··· Available data ···

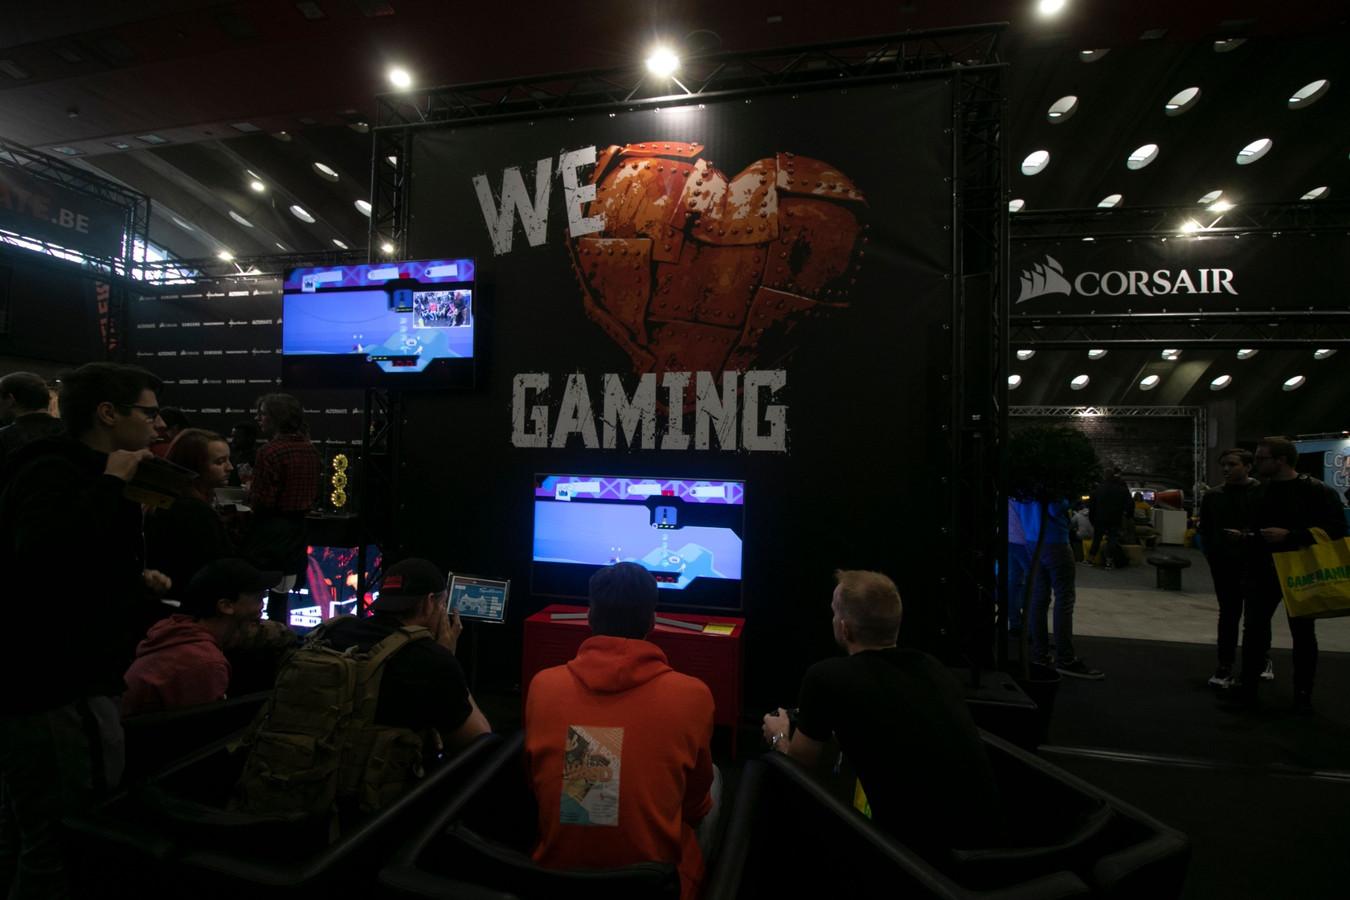 In 2019 trok gamebeurs GameForce nog duizenden gameliefhebbers. In 2020 kan het evenement geen doorgang vinden door het coronavirus.
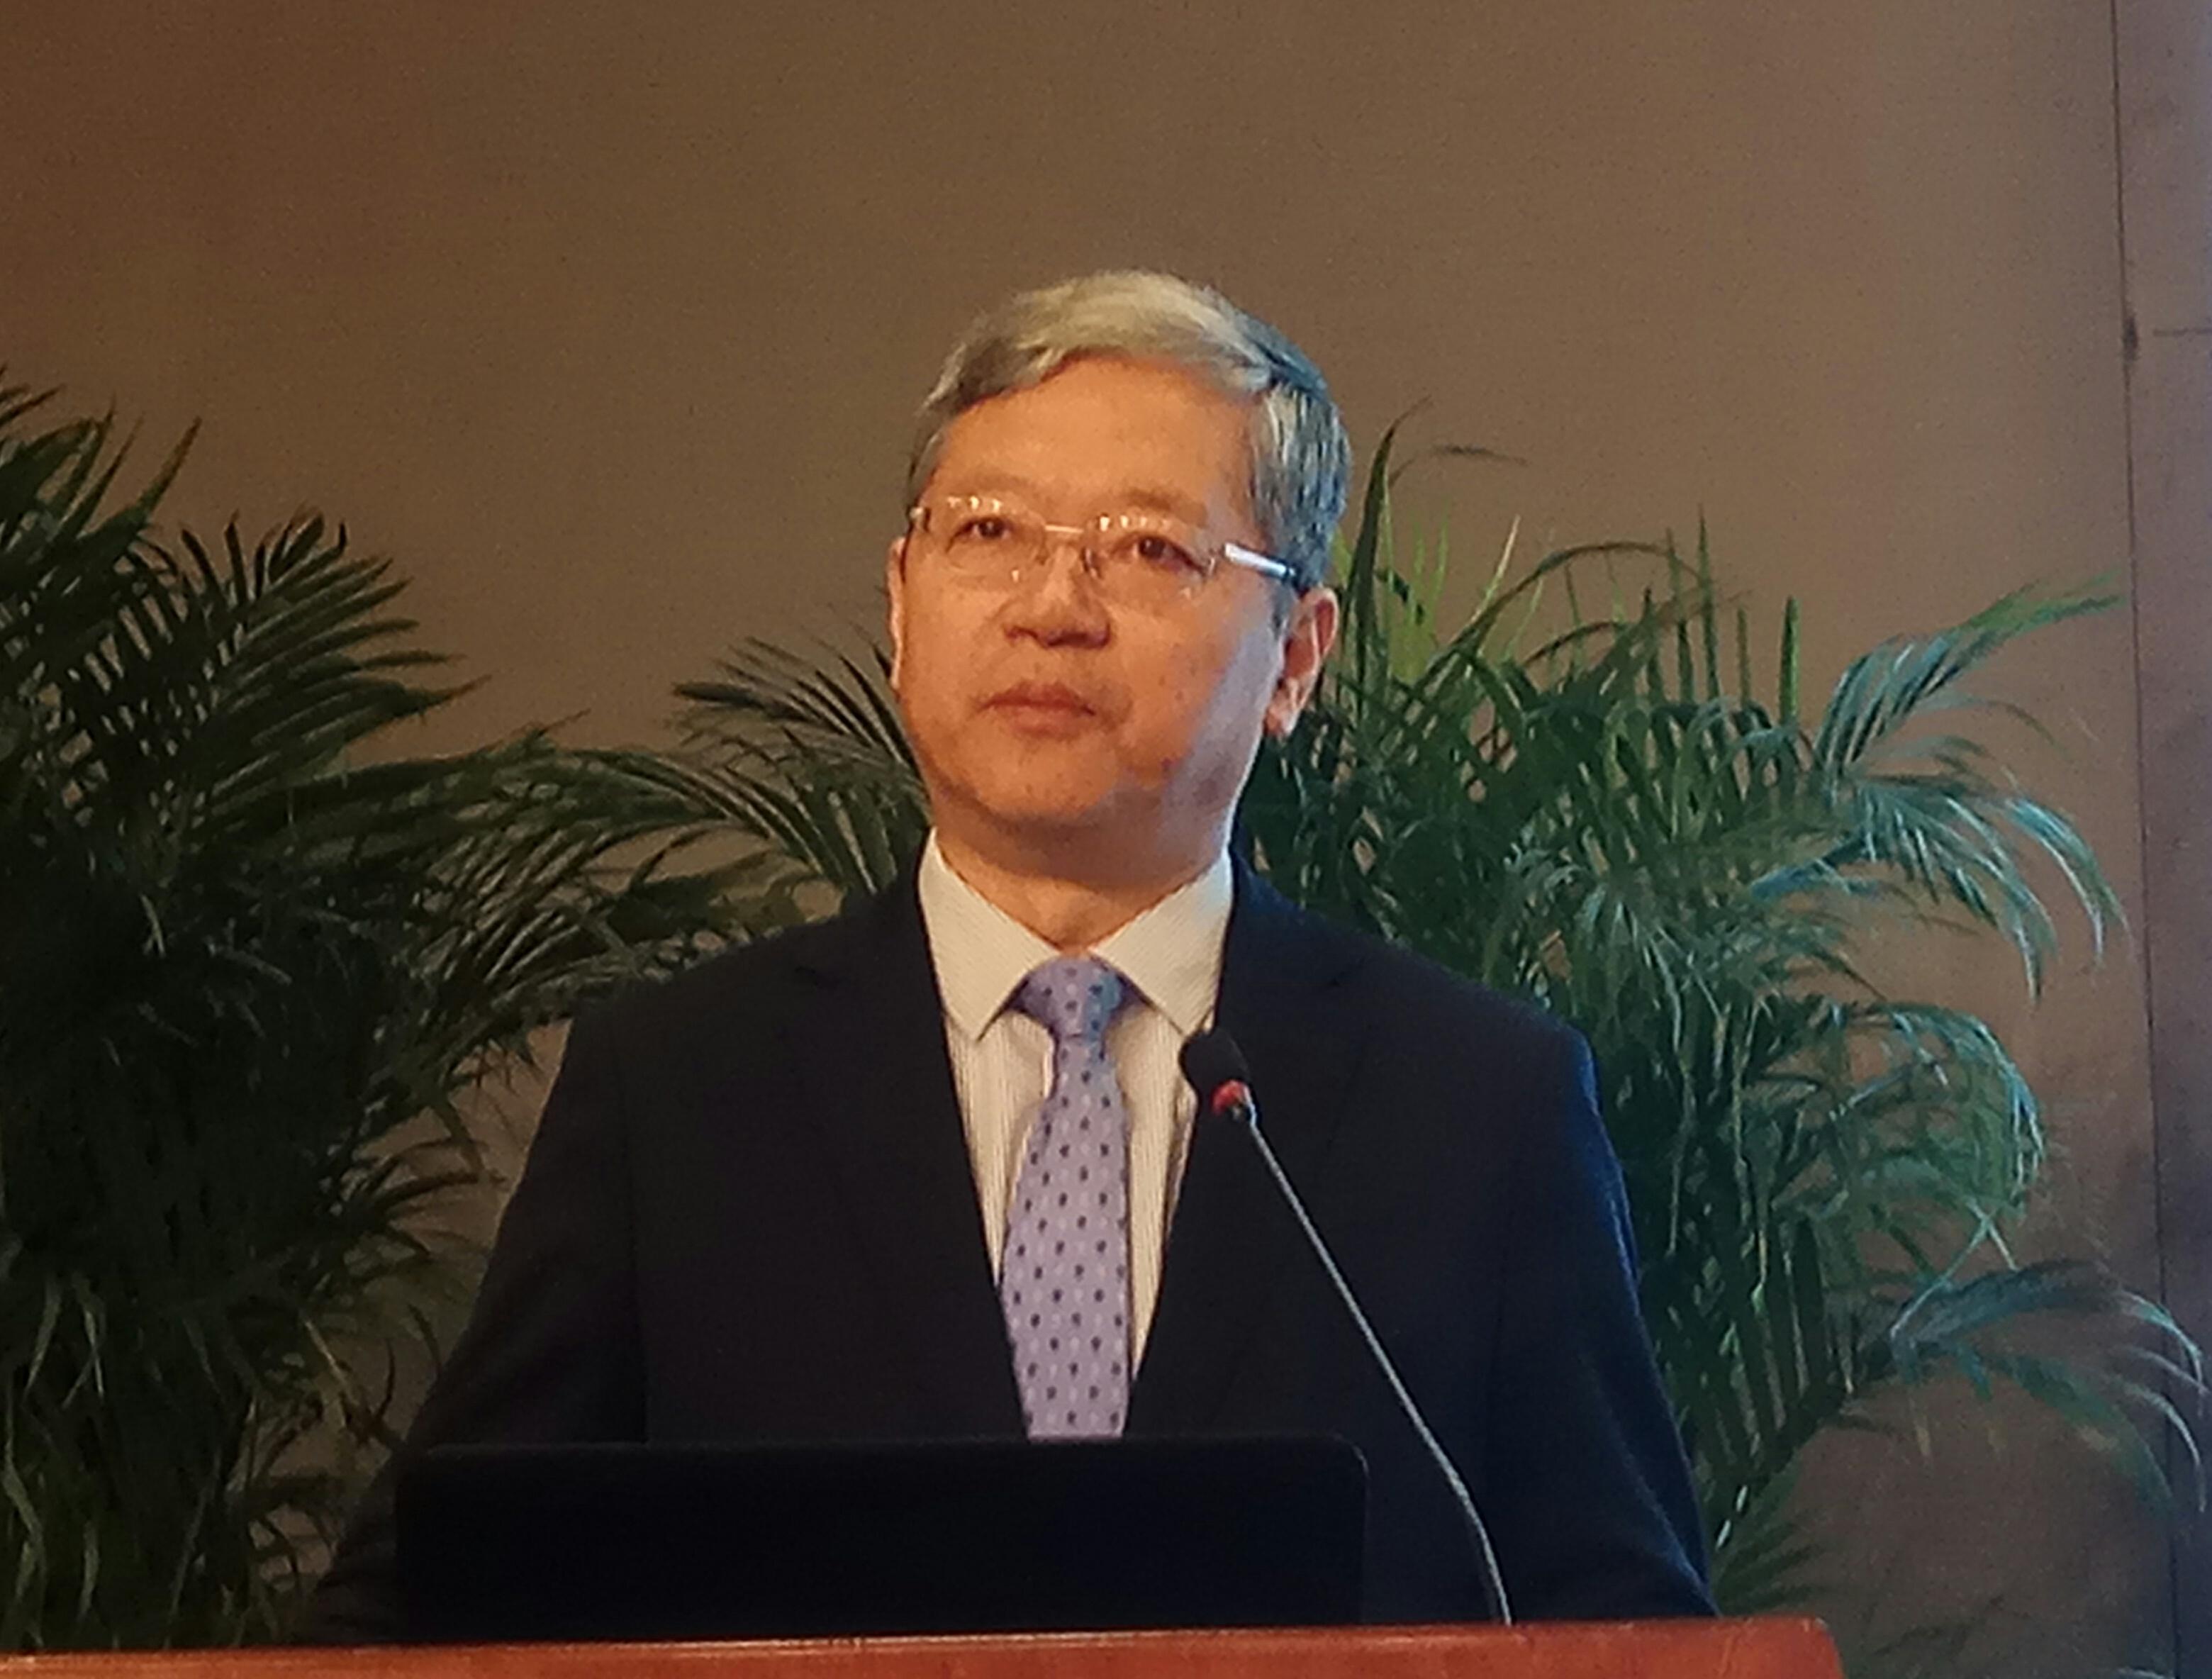 7.中国纺织工业联合会副会长夏令敏
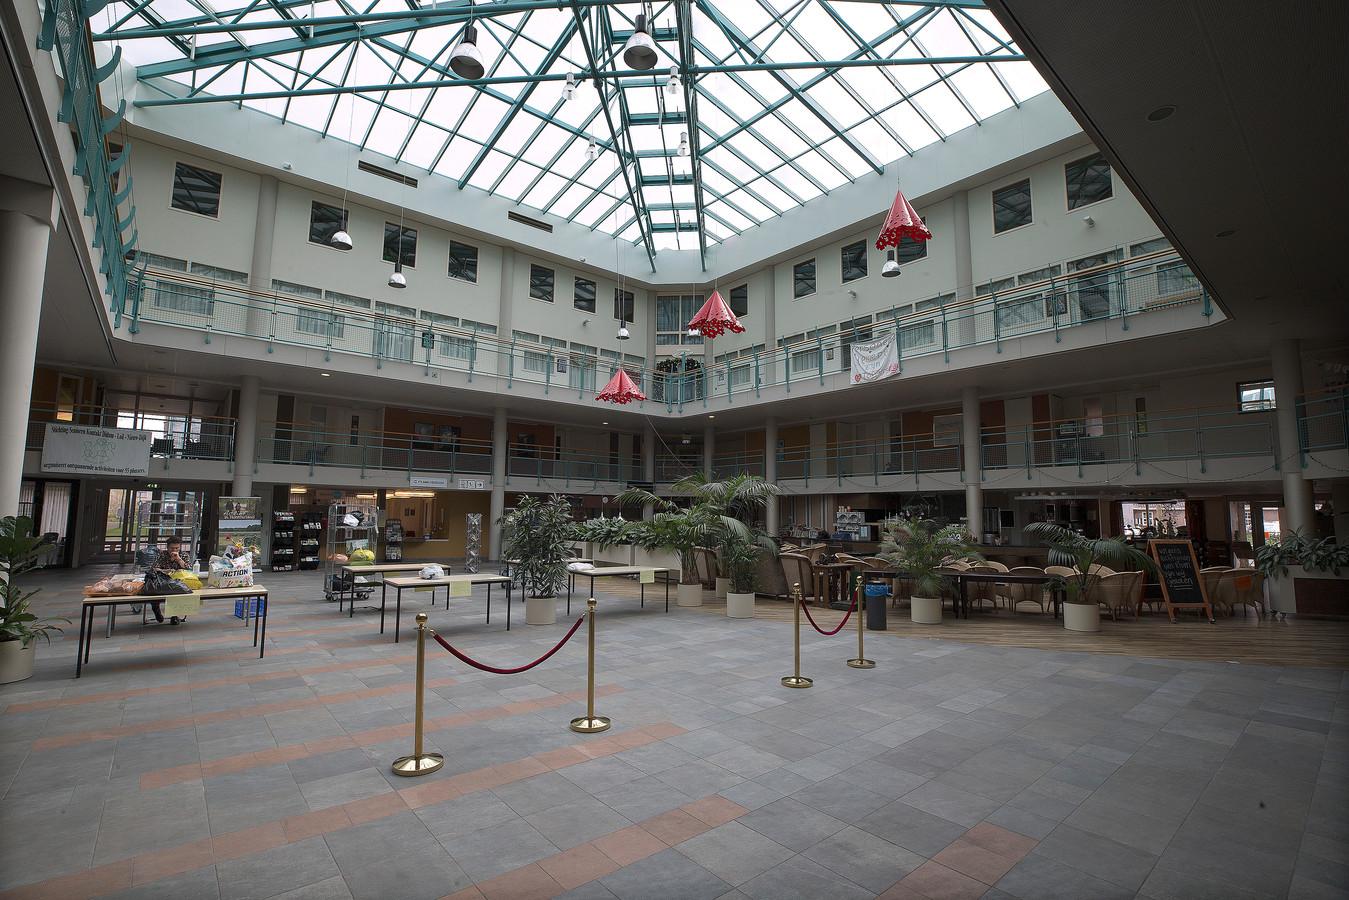 Het atrium in Meulenvelden, de plek waar de bibliotheek zou moeten komen.

···

Word for word, restate the material above; do not carry over the pictures.

 In 2019 trok gamebeurs GameForce nog duizenden gameliefhebbers. In 2020 kan het evenement geen doorgang vinden door het coronavirus.
 7.中国纺织工业联合会副会长夏令敏
 Het atrium in Meulenvelden, de plek waar de bibliotheek zou moeten komen.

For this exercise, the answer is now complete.